Exercise data START
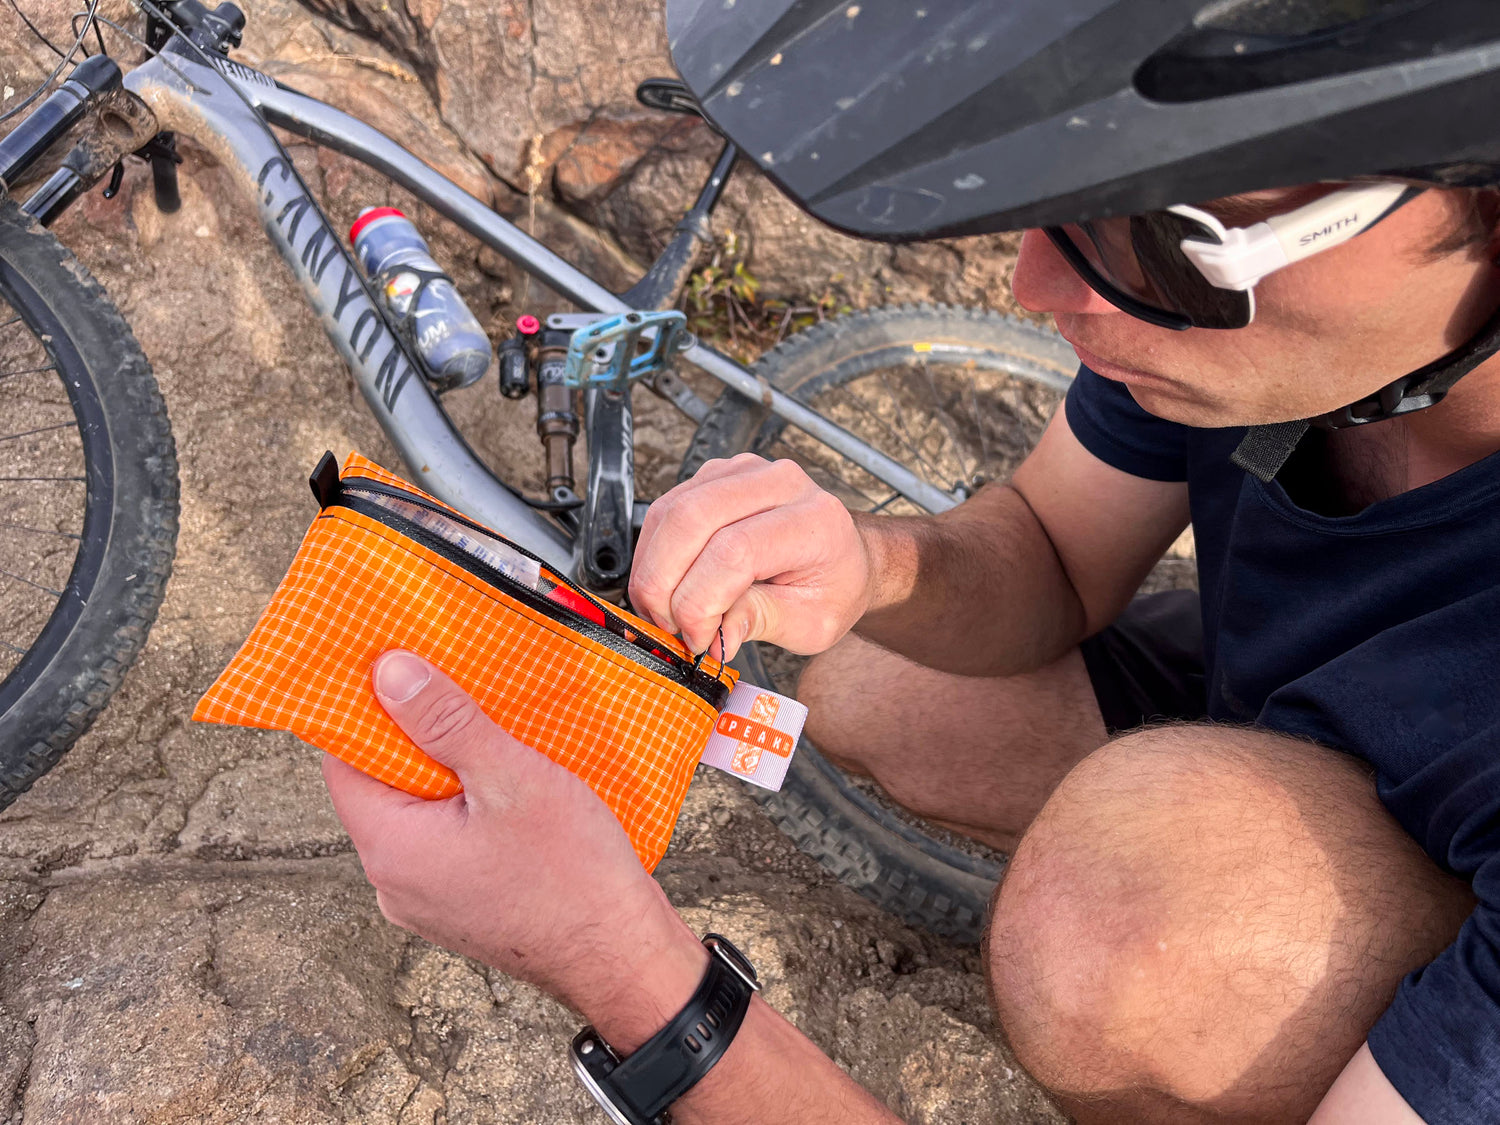 A mountain biker unzips a peak first aid kit to look inside at the contents
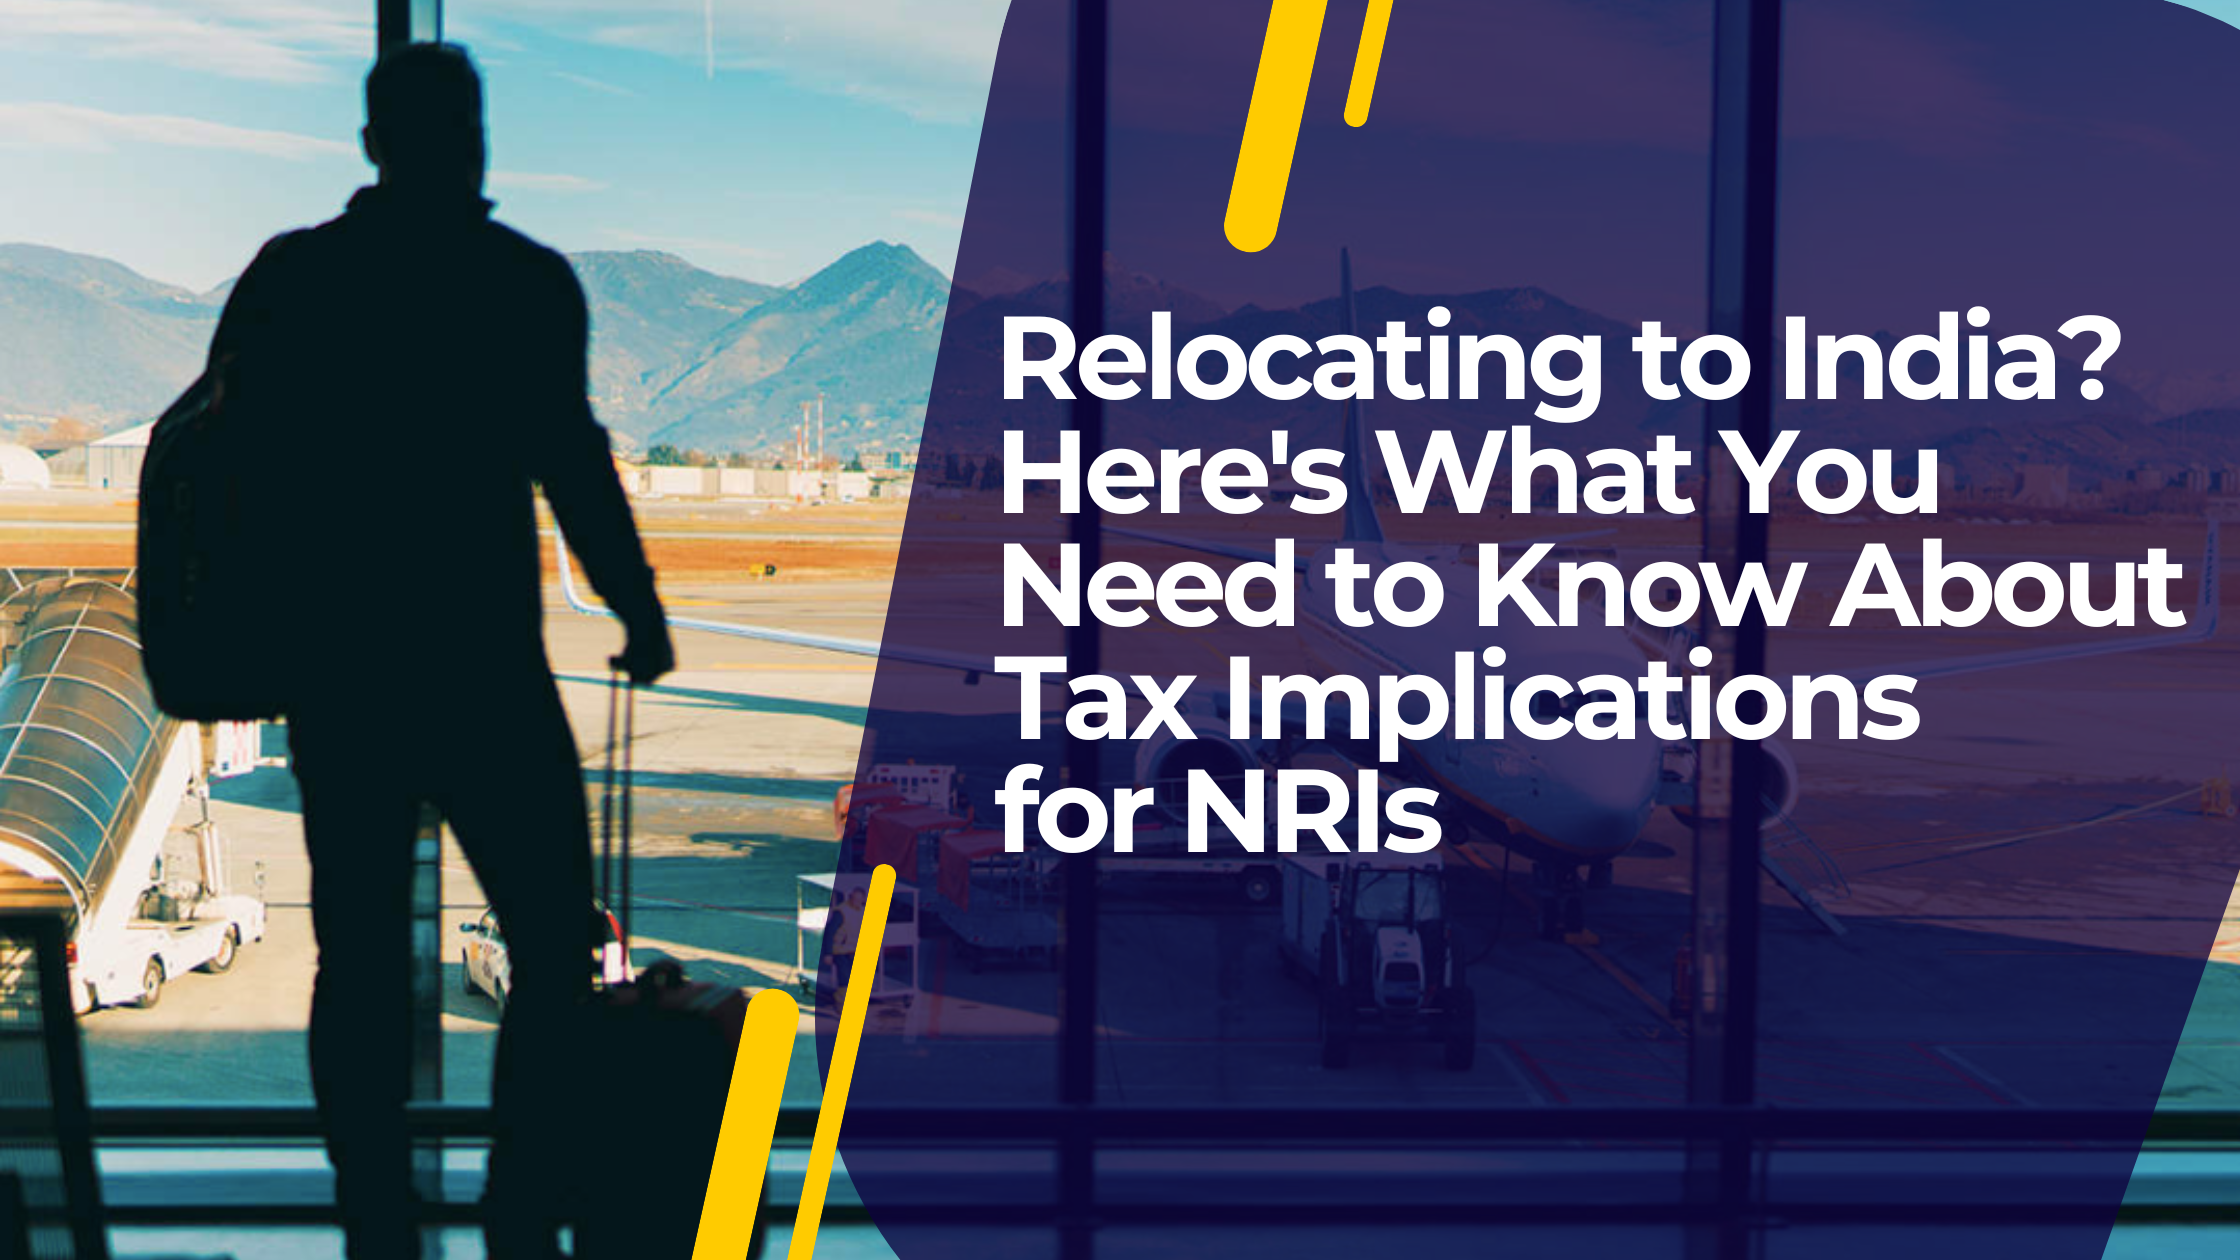 Relocating to India? Here's What You Need to Know About NRI Taxation 
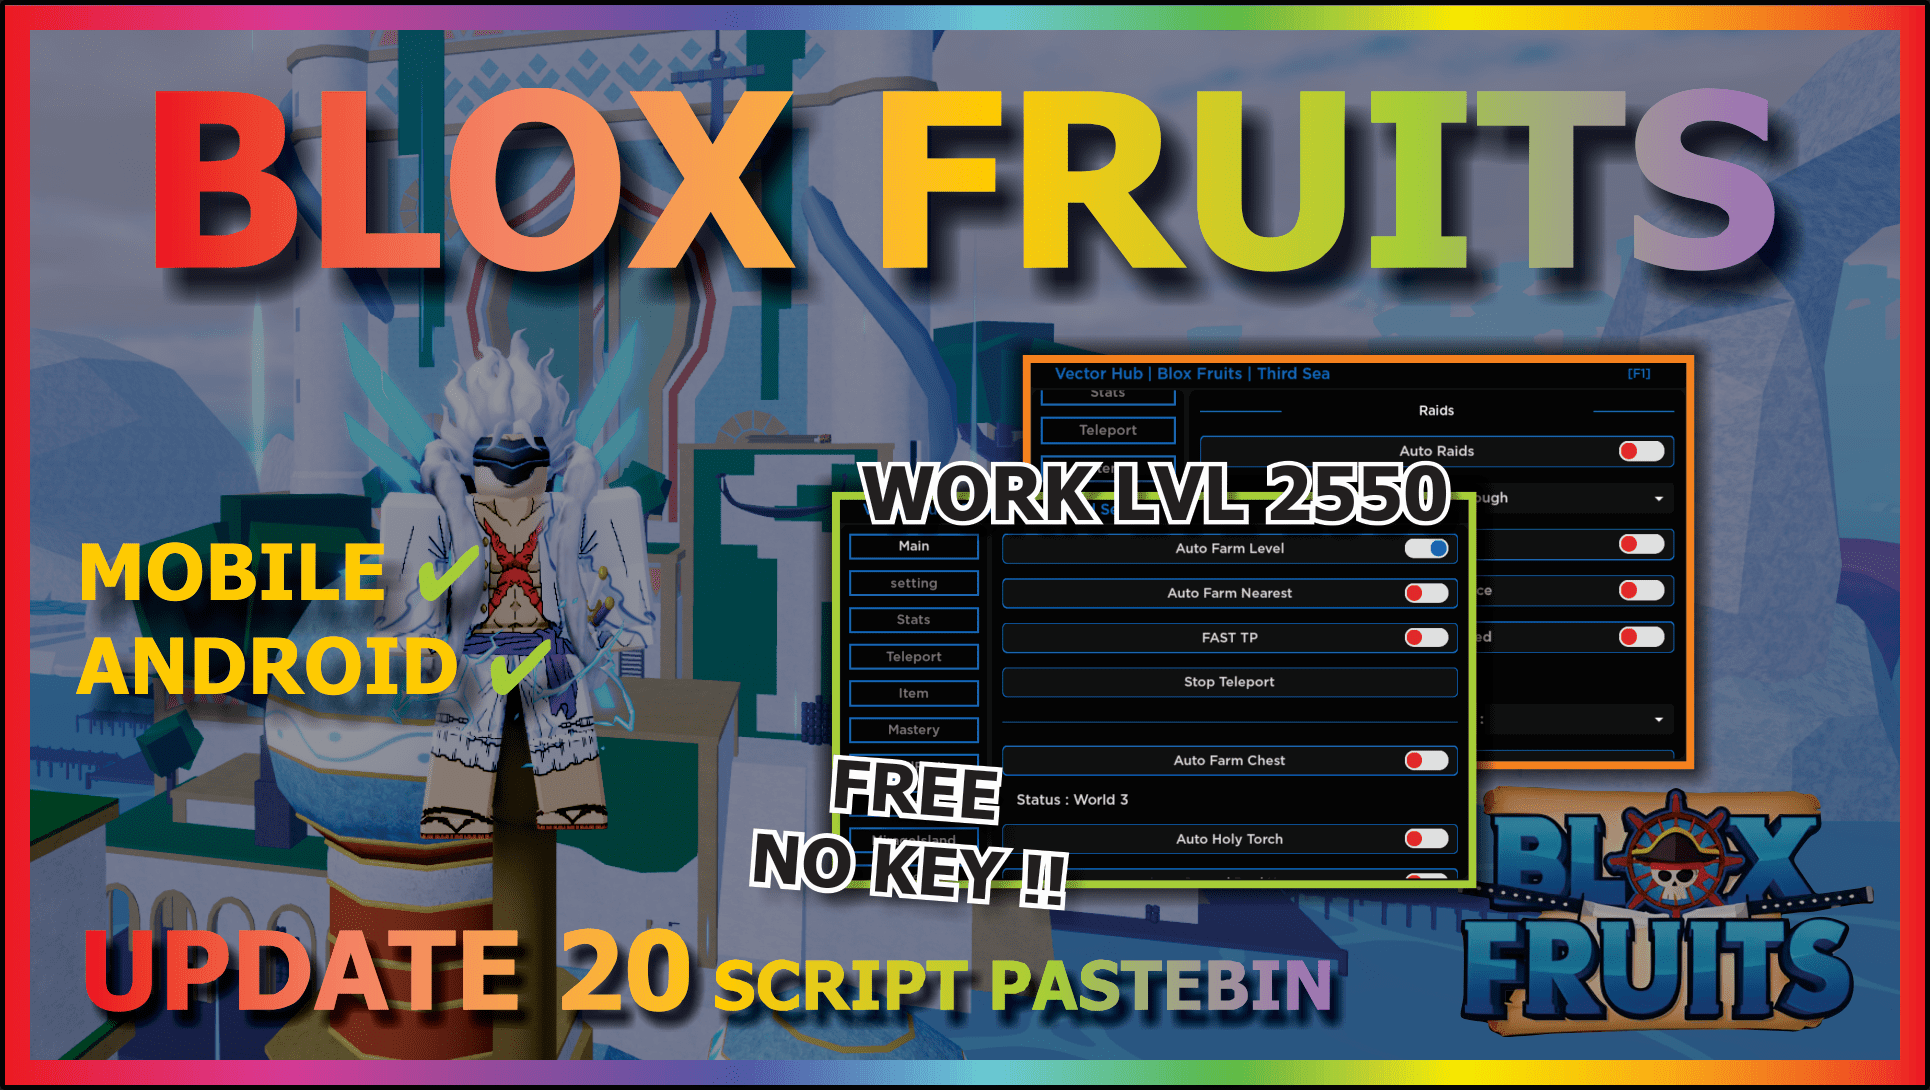 You are currently viewing BLOX FRUITS (WORK LVL 2550) 🍊⛵
Exercise data END
:: What to do ::
Give the listing above again in its entirety and exactly; do not include the pictures.

:: Exercise answer ::
 A mountain biker unzips a peak first aid kit to look inside at the contents
 Relocating to India? Here's What You Need to Know About NRI Taxation 
 You are currently viewing BLOX FRUITS (WORK LVL 2550) 🍊⛵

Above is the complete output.